- Exercise data
=-=-=

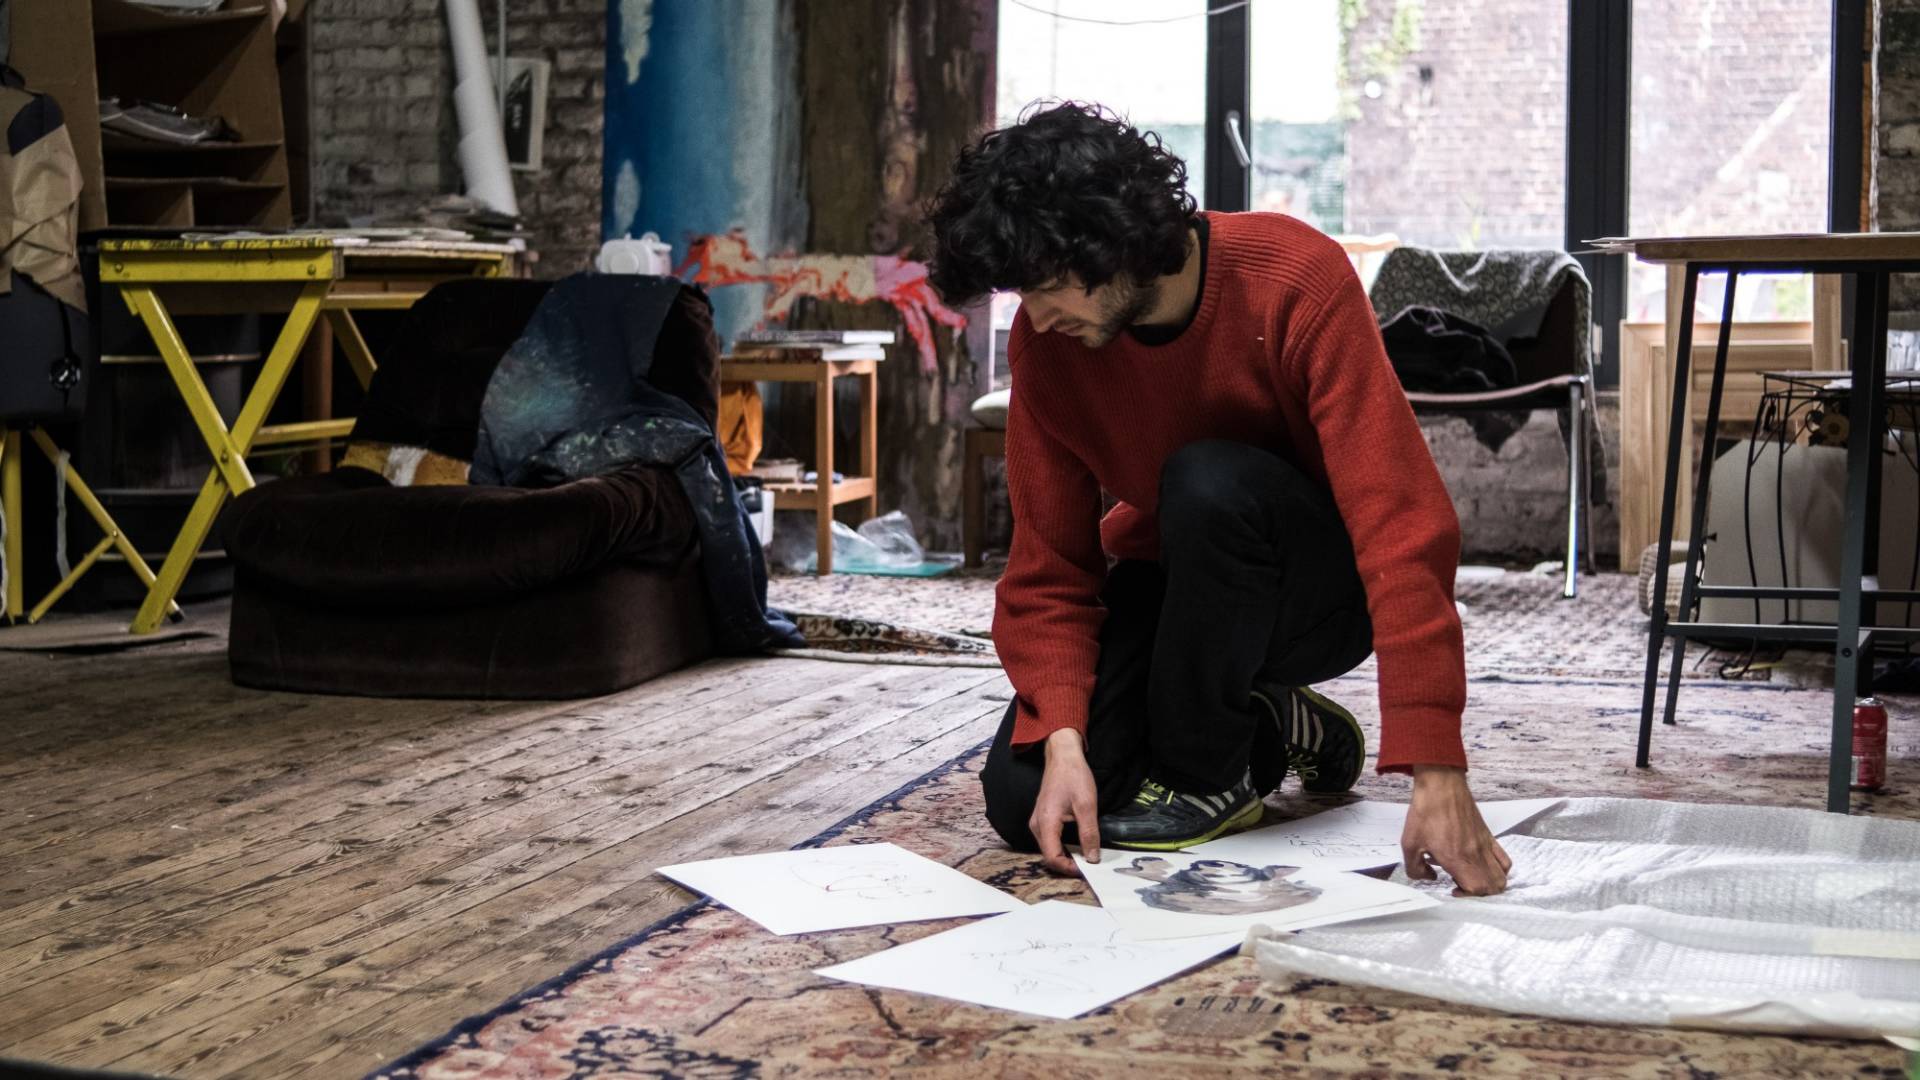 Andriu Deplazes kneels on the floor of his studio, sorting and viewing sketches which he has drawn in ink on white sheets of paper.
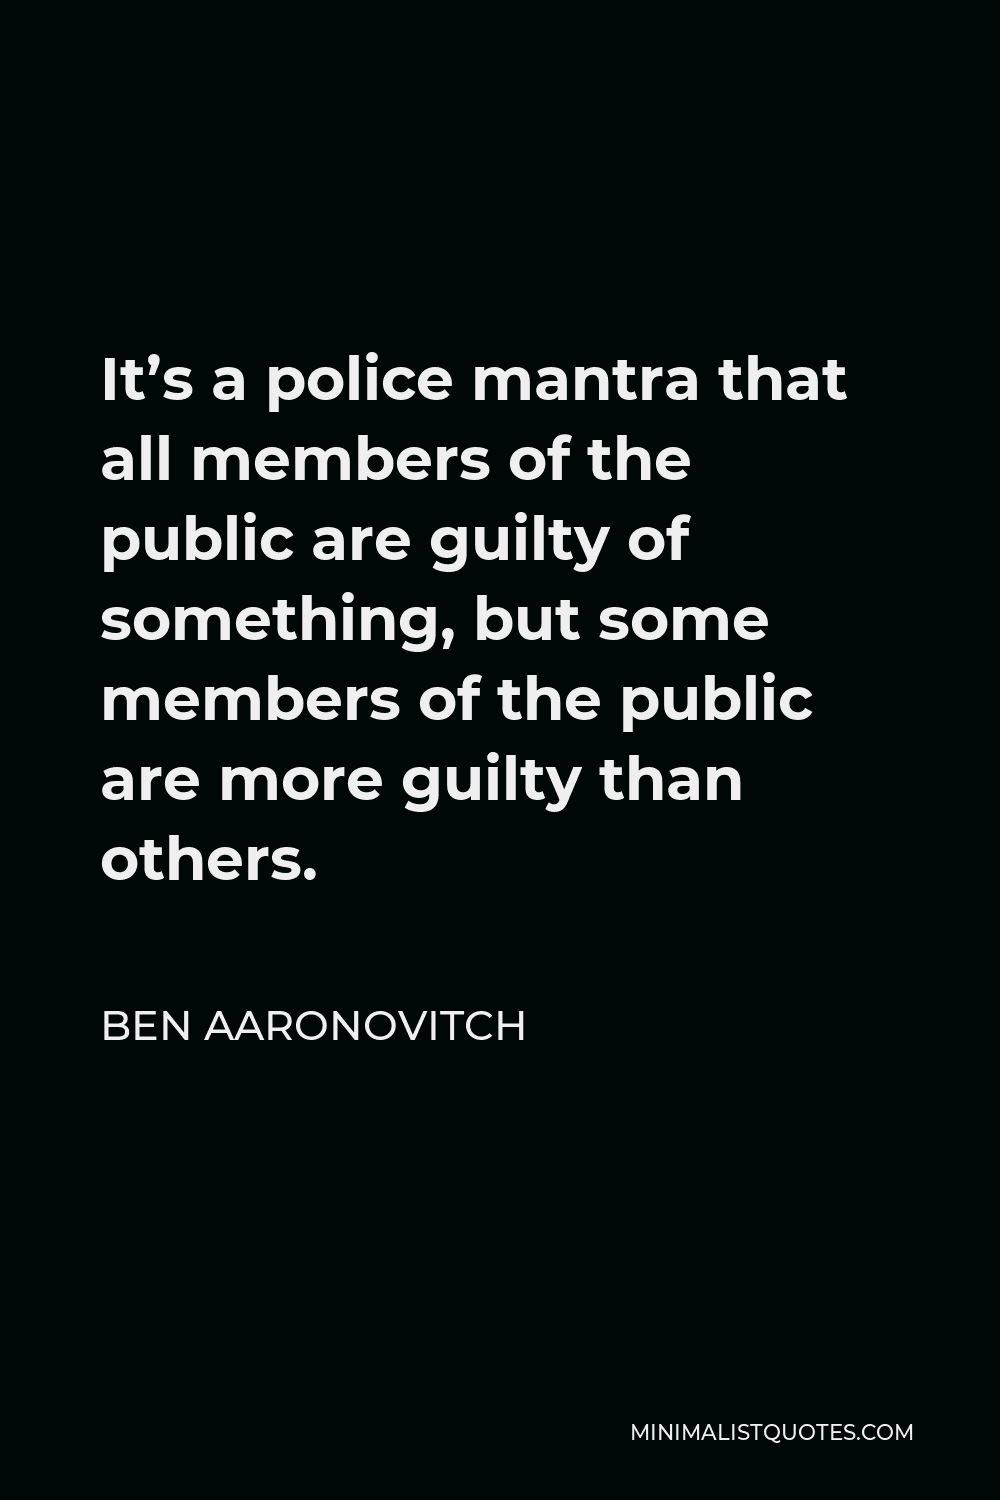 Ben Aaronovitch Quote - It’s a police mantra that all members of the public are guilty of something, but some members of the public are more guilty than others.
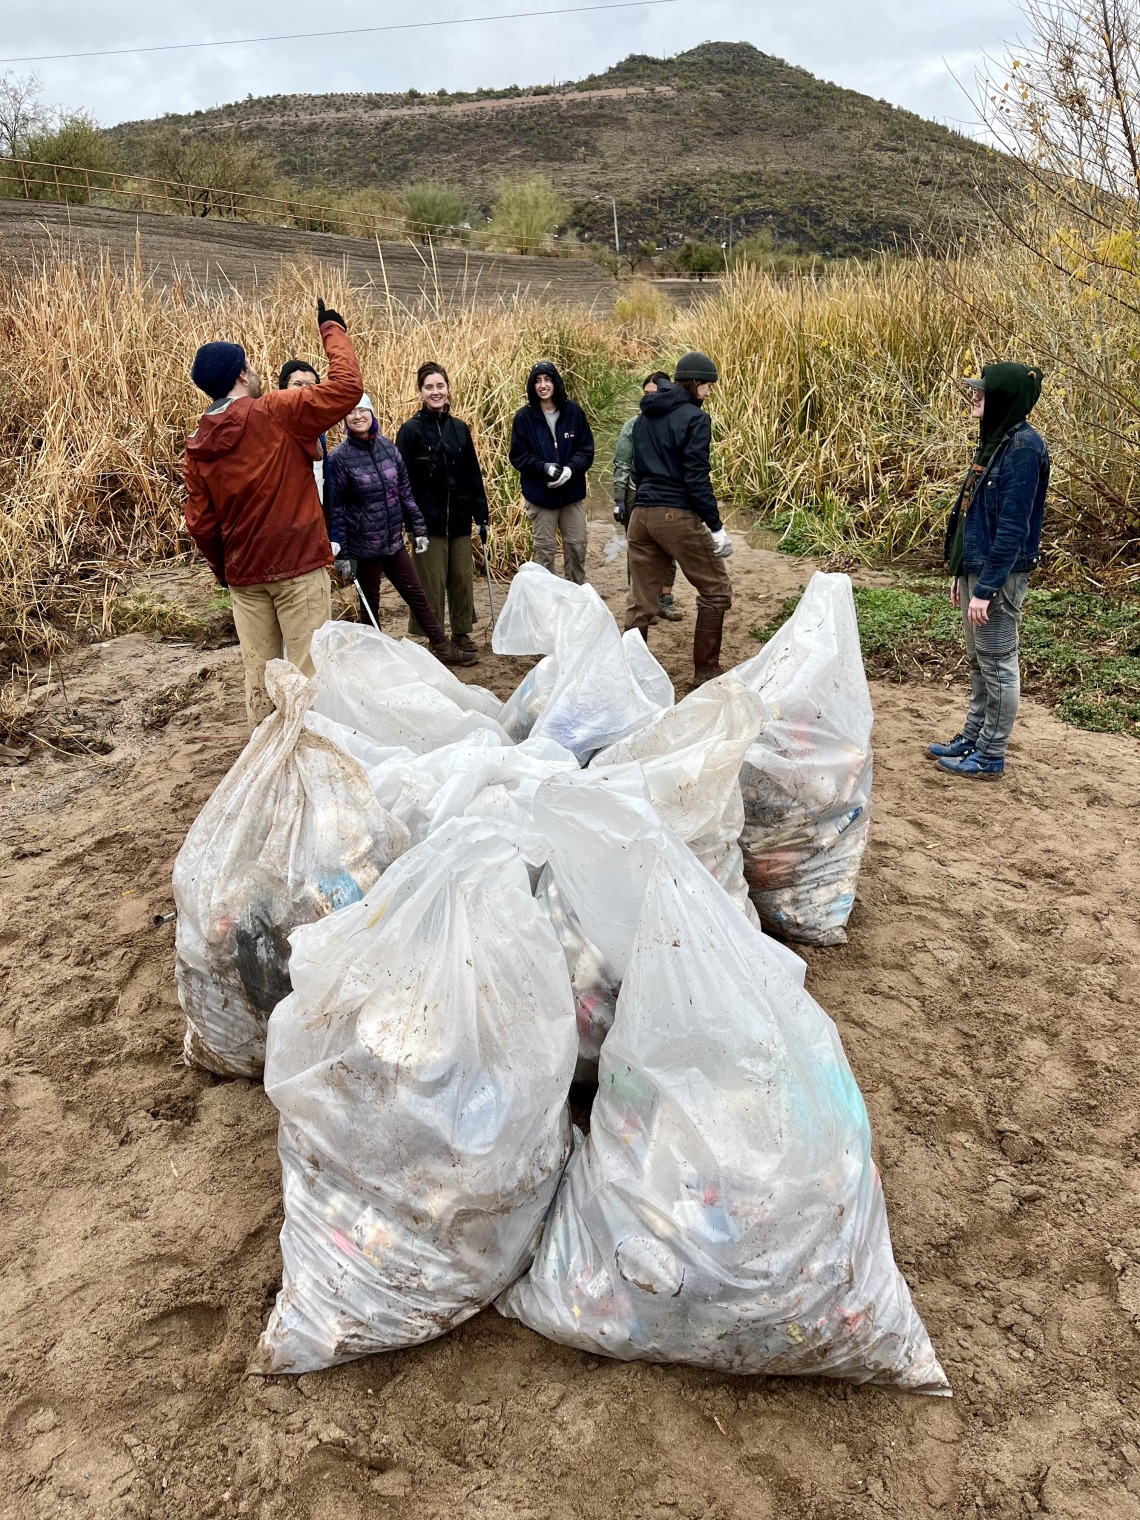 Group of people standing near white trash bags

=-=-=

- The problem
Leave the images aside and retype each line of the listing above exactly.

- Answer to this task
 Andriu Deplazes kneels on the floor of his studio, sorting and viewing sketches which he has drawn in ink on white sheets of paper.
 Ben Aaronovitch Quote - It’s a police mantra that all members of the public are guilty of something, but some members of the public are more guilty than others.
 Group of people standing near white trash bags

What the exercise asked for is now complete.